When the system has recognized your command, it can perform an action that has been predefined in the system e.g., if you tell the system “Drive me to the next gas station”, the car will drive you to the next gas station – assuming autonomous driving is a feature available in your car.
By the way, technically the wake word detection is already making use of ML, Speech Recognition and Natural Language Processing, but on a much smaller scale, designed to detect the wake word only.
Machine Learning applications have the big advantage over others in that they are able to generalize by learning from input data. If a Machine Learning system learns to tell the difference between cats and dogs on a specific dataset, it is later on able to distinguish between any cats and dogs, even though it has never seen them before (i.e., they were not part of the original dataset used for training).
The voice assistant operates on the same principle. Its speech recognition is of such an outstanding quality because it learns the meanings of the commands (it’s a philosophical question whether it does in fact learn, but that’s a discussion for another day), instead of just a fixed set of expressions. It is trained on general language data to understand the language itself, and then learns more specifically from use-case relevant data. We can even include typical background noises in the learning process, allowing the system to take them into account as well, and, by doing that, enhance the overall quality of our system even more. Imagine a voice assistant that can identify and ignore interfering vehicle noises, and massively reduce recognition errors!
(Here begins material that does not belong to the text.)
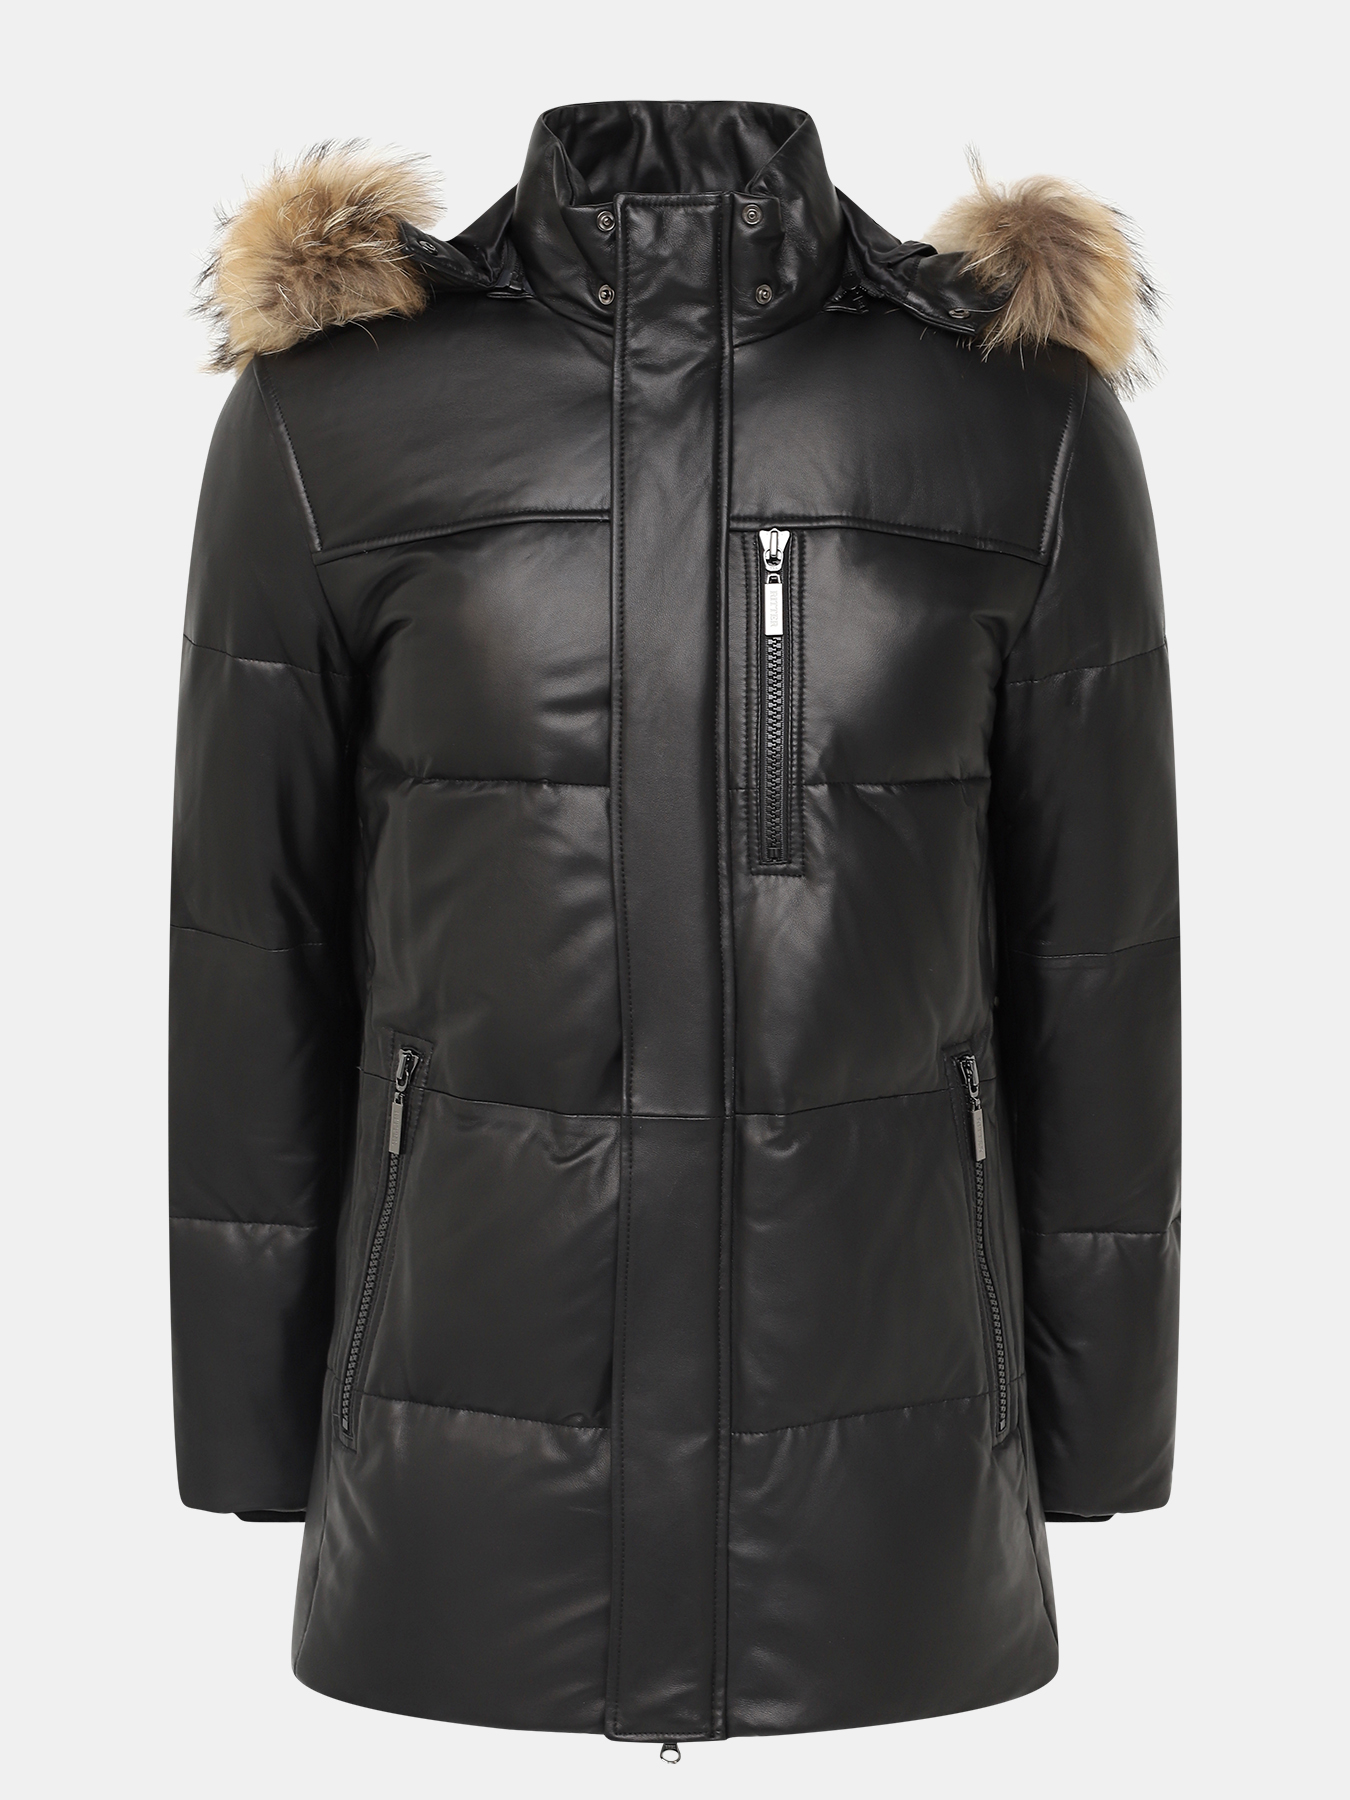 Кожаная куртка Ritter 390990-032, цвет черный, размер 62 - фото 1

What is seen last, is remembered best: here is a short summary of the qualities that make intive voice assistant unique and superior to other solutions on the market:
It is a standalone solution, running locally and offline on a device – no cloud or internet connection needed. But can be run in the cloud or in a hybrid mode, if needed.
Our voice assistant is built as an easily and highly adaptable framework – not a “one fits all” approach, but a combination of reusable modules which can be fine-tuned to our customers’ needs e.g., supporting different languages, a custom wake word, robustness to usage-dependent background noises, and trained on data typical for the use-cases needed.
Interaction feels very natural – the system does not expect predefined commands but understands diverse phrasings and expressions.
The big overall advantage for our customers is that they get a voice assistant that respects data privacy - which increases user acceptance - and one that can be easily integrated in their services, adapting perfectly to their use-case to guarantee high quality performance.